Next, the previously determined experimental lipophilicity of the tested derivatives was compared with the theoretical values. The theoretical values of the partition coefficients (log P) were derived from eight calculation programs (C log P (Chem Draw Ultra 14.0, http://www.perkinelmer.co.uk/category/chemdraw), Log P (pkCSM), ALOGPs, AC log P, ALOGP, MLOGP, XLOGP2 and XLOGP3) [27,28]. The obtained results (Table S2, Supplementary Materials) show that compound 2a has the lowest value of the experimental and theoretical lipophilicity parameters. Determined theoretical values of log P for the tested compounds are in the range of 5.28–12.93. Analysis of the data obtained shows that the highest log P values are from C log P (Chem Draw) and the lowest from ALOGPs. Table S3 (Supplementary Materials) presents the correlation matrix for the theoretical parameters of lipophilicity of the compounds.
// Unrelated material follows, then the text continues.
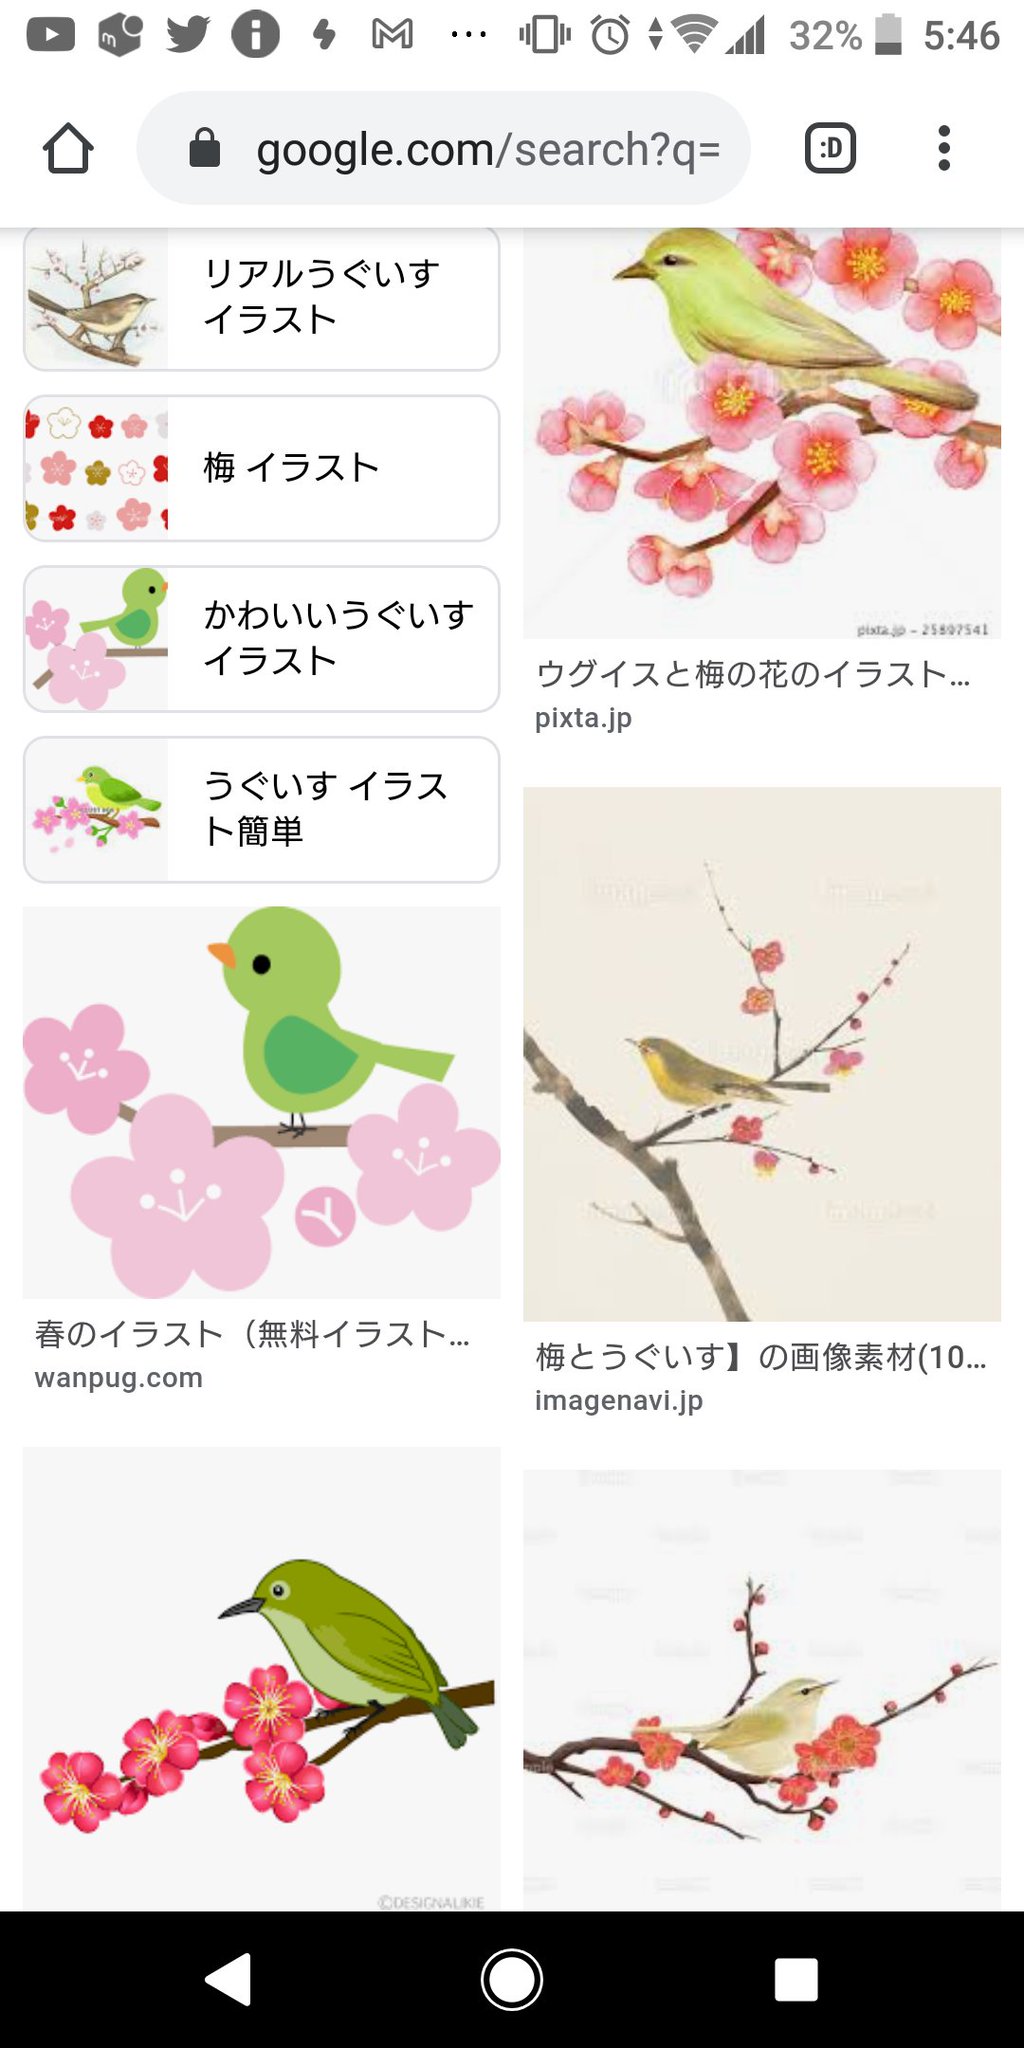 鴣鴣 こっぱみじんこ 梅にウグイス 緑色の鳥が止まっているぅ イラスト検索

Obtained correlation coefficients are in the range of 0.791–0.981. The highest correlation value was recorded for Log P (pkCSM) and AC log P (0.981). Figure 5 shows a comparison of the experimental lipophilicity values (log PTLC) for all derivatives with the corresponding values obtained from theoretical calculations.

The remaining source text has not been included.